→ **REQUIREMENT**:
Lower down are entries containing pictures. Copy exactly, without those pictures, the lines from the line with "Cyberpunk Sci Fi" through the line with "Technotherm ISP Frameless".

→ **DATA UNDER STUDY**:

'''

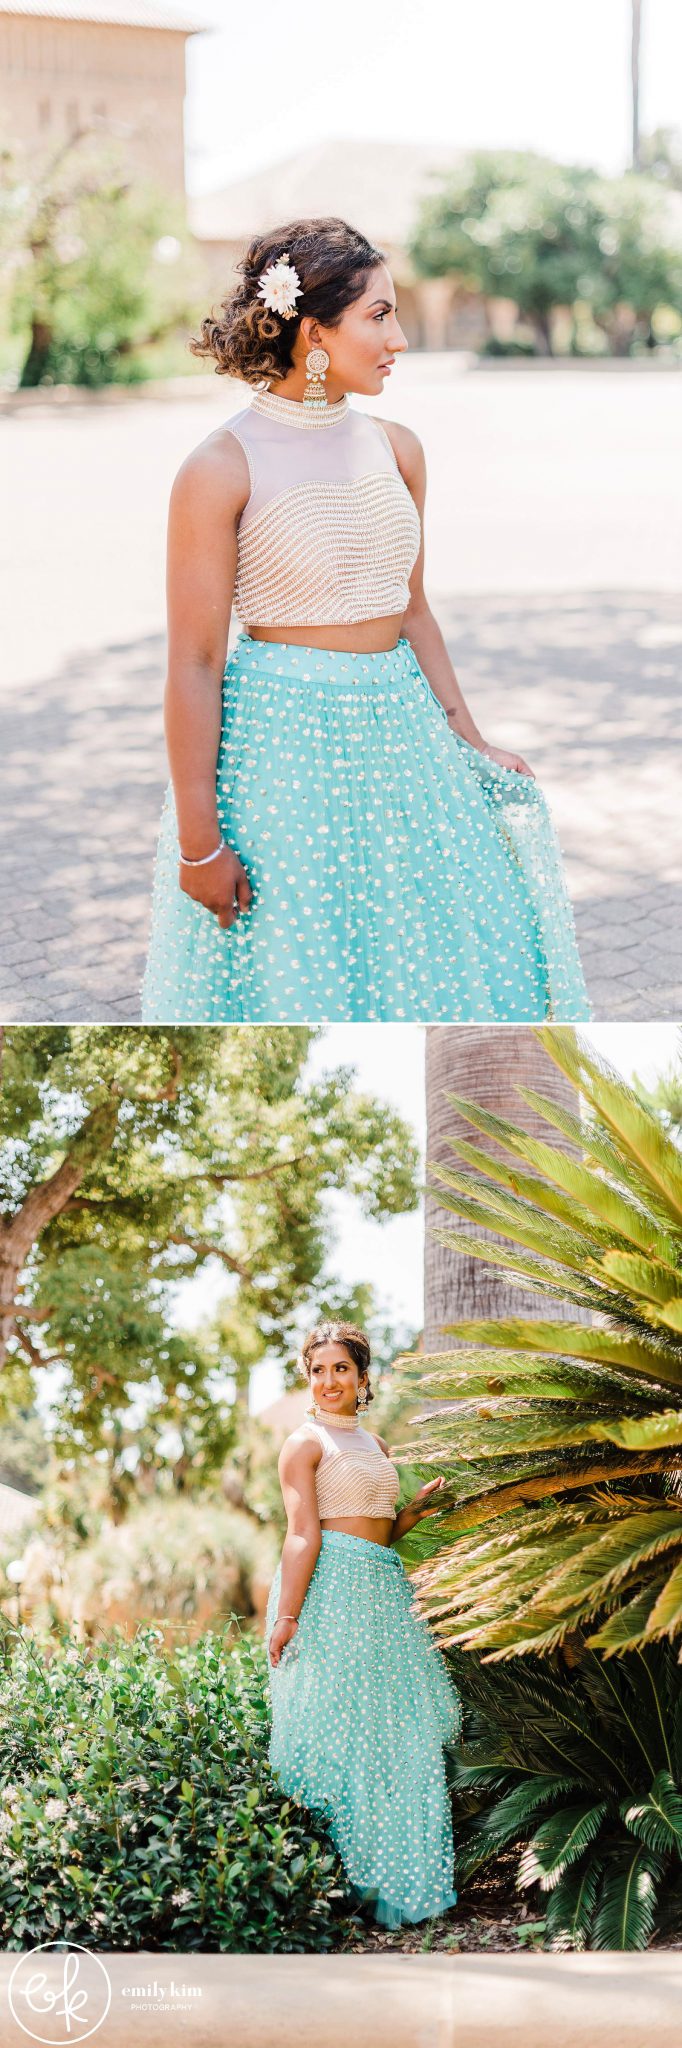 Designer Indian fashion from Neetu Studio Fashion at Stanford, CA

'''
'''

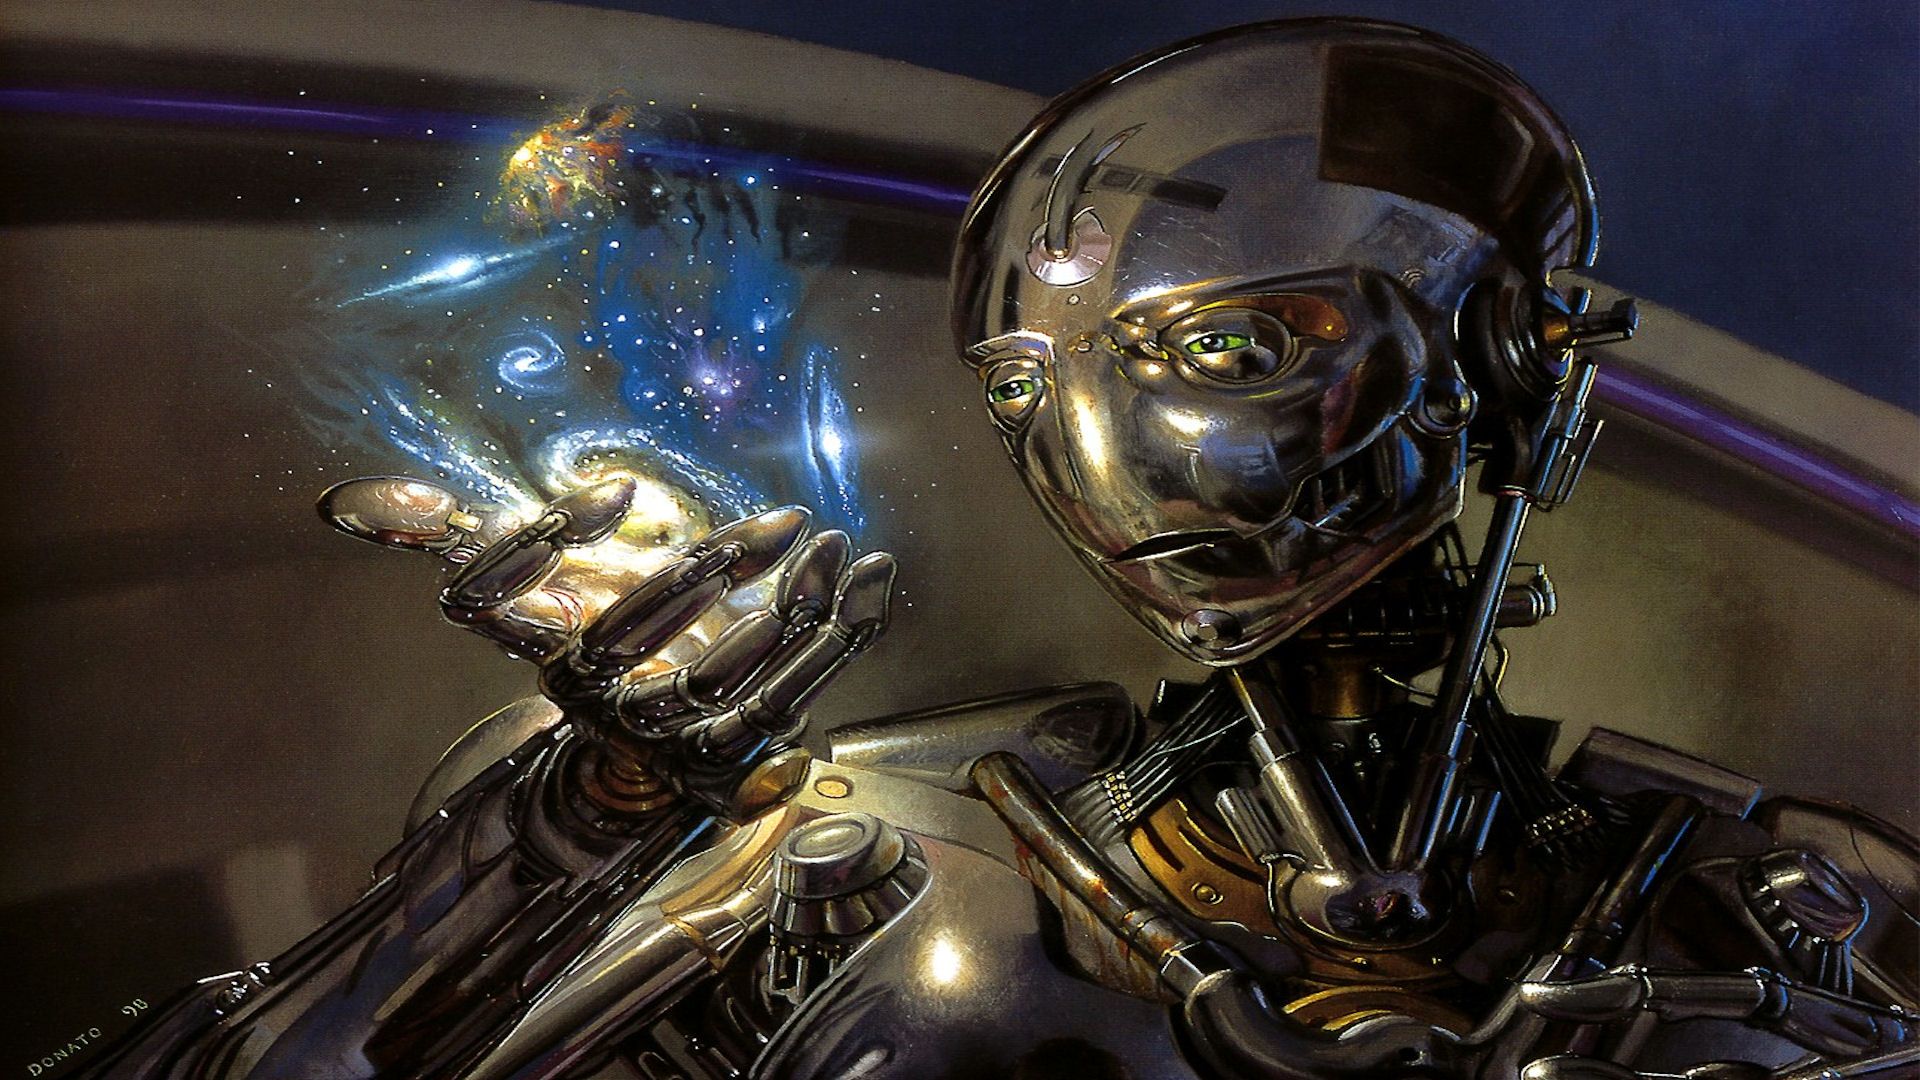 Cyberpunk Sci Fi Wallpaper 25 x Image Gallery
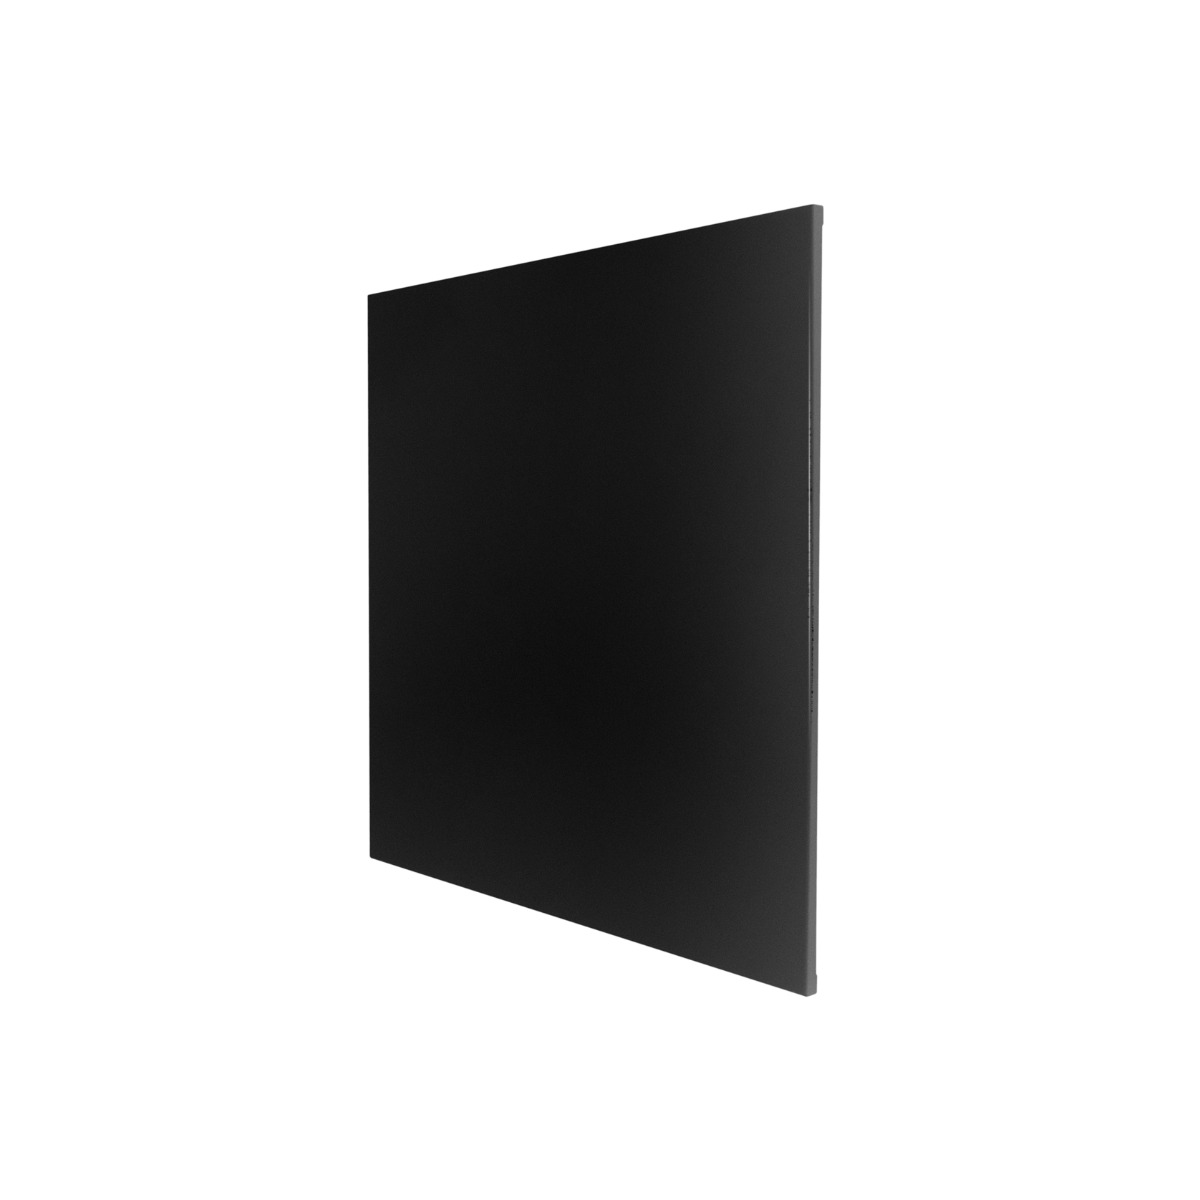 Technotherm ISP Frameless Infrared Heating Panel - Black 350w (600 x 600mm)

'''
'''

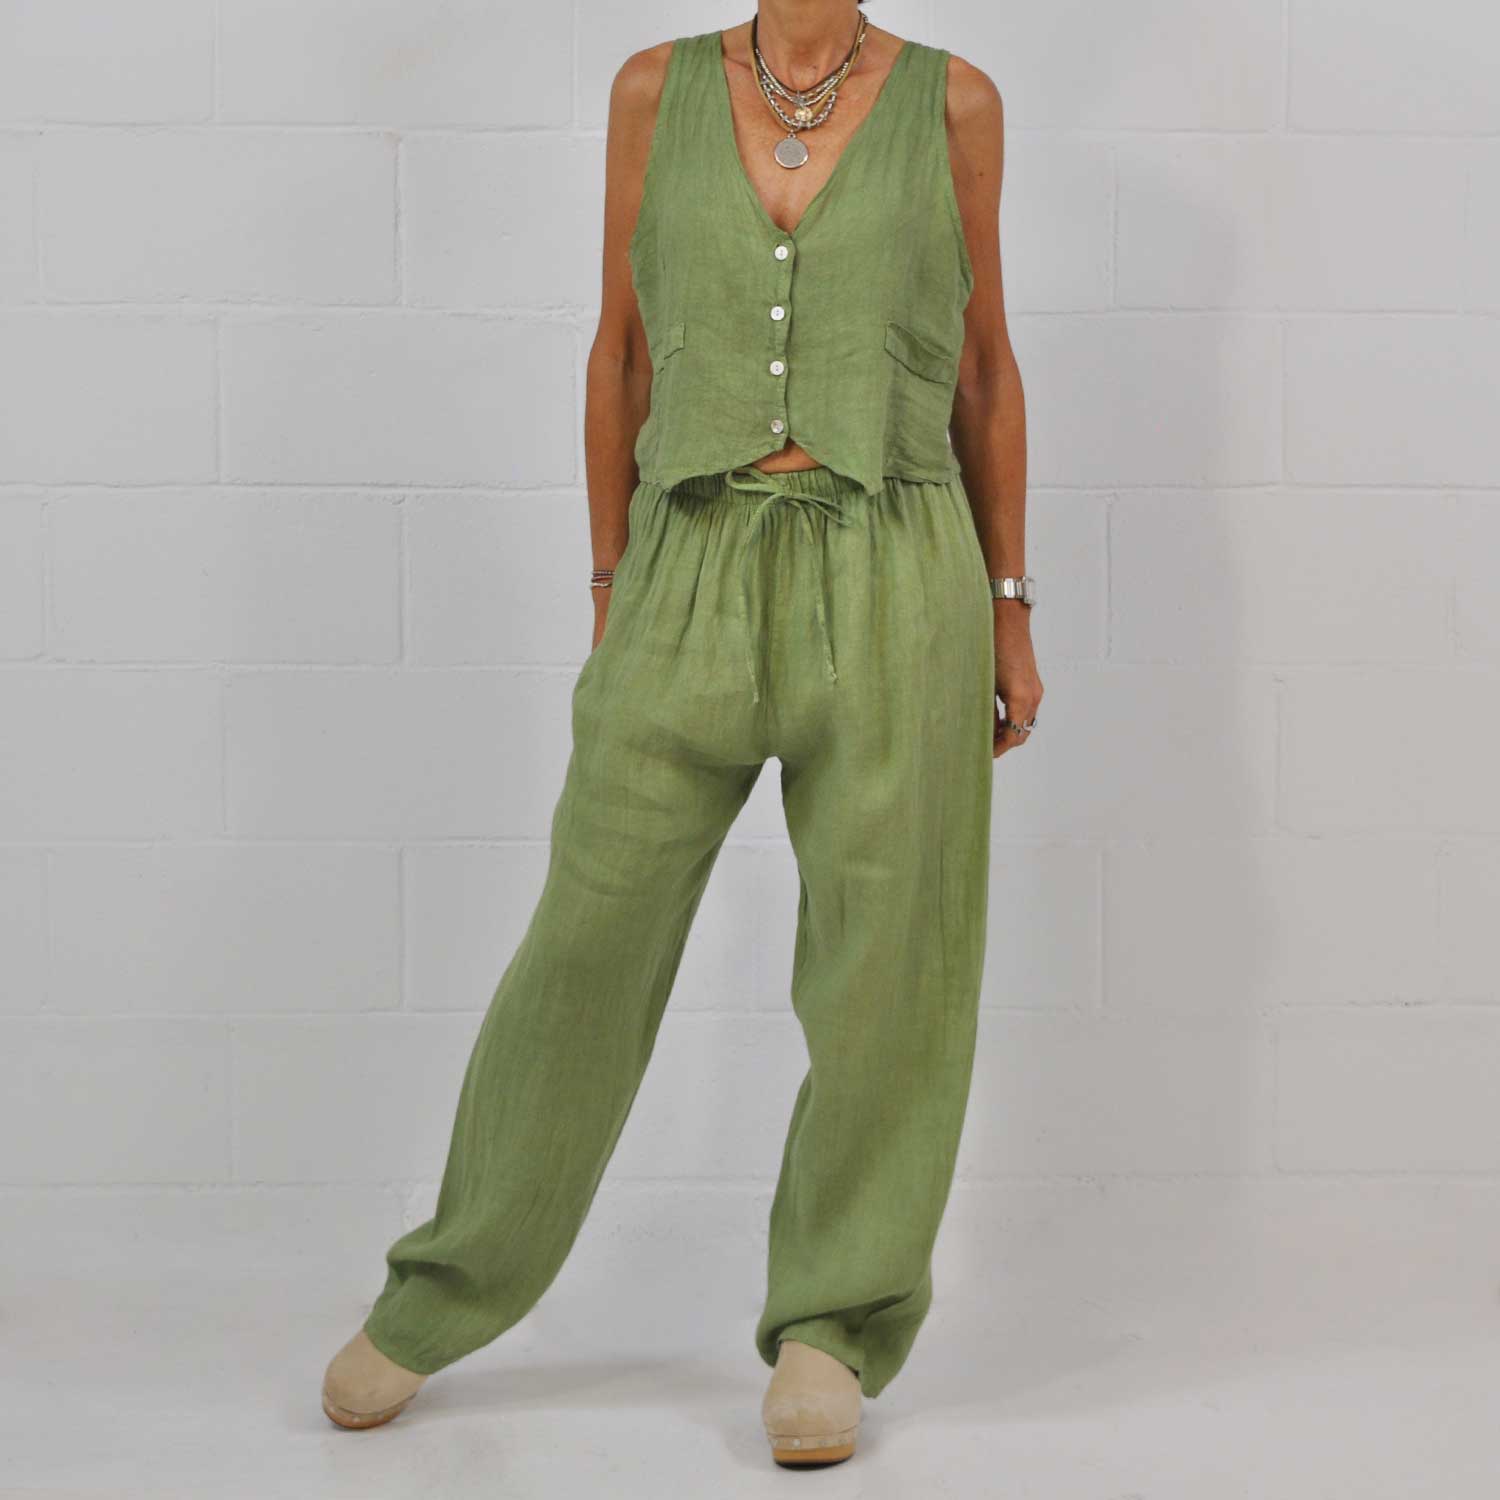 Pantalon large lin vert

'''

→ **ANSWER TO THE EXERCISE**:
 Cyberpunk Sci Fi Wallpaper 25 x Image Gallery
 Technotherm ISP Frameless Infrared Heating Panel - Black 350w (600 x 600mm)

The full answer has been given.